In Order to Join CSMVS and Goethe-Institute / Mumbai

April 10, 2015

“In Order to Join,” curated by Swapna Tamhane and Susanne Titz, borrows its title from Rummana Hussain’s exhibition held at Art in General, New York, in 1998. Inspired by Rummana Hussain’s work A Space for Healing from 1999 (which also acts as a circular beginning for the viewer), the exhibition, which traveled from the Museum Abteiberg in Germany, was here divided between two spaces — Max Muller Bhavan (Goethe-Institute) and the museum Chhatrapati Shivaji Maharaj Vastu Sangrahalaya (CSMVS). Beginning at Max Muller Bhavan, the works comprised videos, documented performances and conceptual works that translated the medium of found materials into new ways of thinking about art (Rummana Hussain, A Space for Healing, 1999; Sheela Gowda, Branches, 2014; Jamelie Hassan, The Oblivion Seekers, 1985/2009). The exhibition display intervened onto the lawns of the museum (Pushpamala N., Triptych, 2003; Helen Chadwick, Piss Flowers, 1991–92) and into the vitrines in the central rotunda. The display allowed for artworks to be placed and preserved within a historical timeframe, in order to join archive and memory.
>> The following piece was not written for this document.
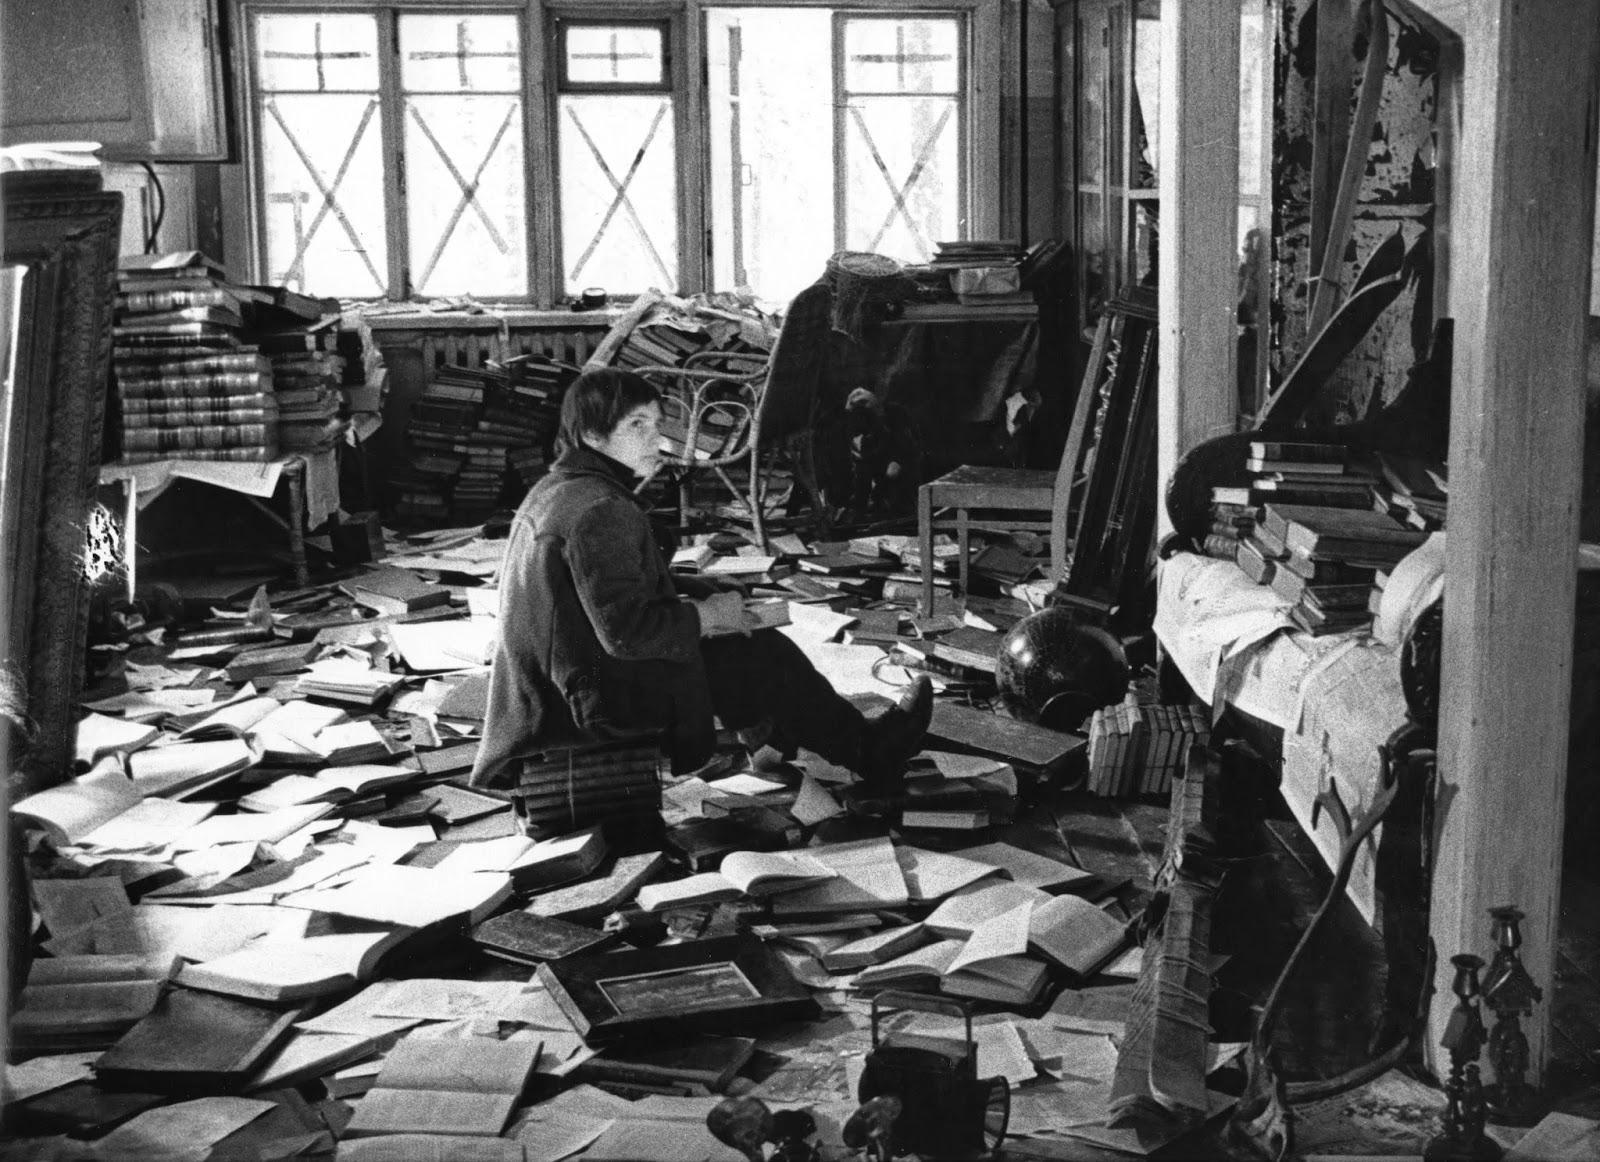 Beyond the Looking Glass: Andrei Tarkovsky's Mirror (Part II

The notion of being different and responding to change during a time of suppression is conveyed through the works of fourteen women artists (born between 1947–57) in the form of explorations of identity through their bodies (Rummana Hussain, Mona Hatoum, Pushpamala N.); the expansion of artistic media through found objects and organic materials (Rosemarie Trockel, Sheela Gowda, Helen Chadwick, Astrid Klein); and revised definitions of existing beliefs and forms (Ana Mendieta, Angela Grauerholtz, Chohreh Feyzdjou, Jamelie Hassan, Shelagh Keeley, Adrian Piper, Lala Rukh). These strongly individualistic artists’ works were curatorially hinged together by their overlapping relationships to political activism and conceptual art. The show extended to issues related to socio-cultural-political histories, ethnographic references, nationalism, feminism, representation, identity, activism, language, religion, systems, gender, family and belonging, all the while “working with and against the possibility of joining.”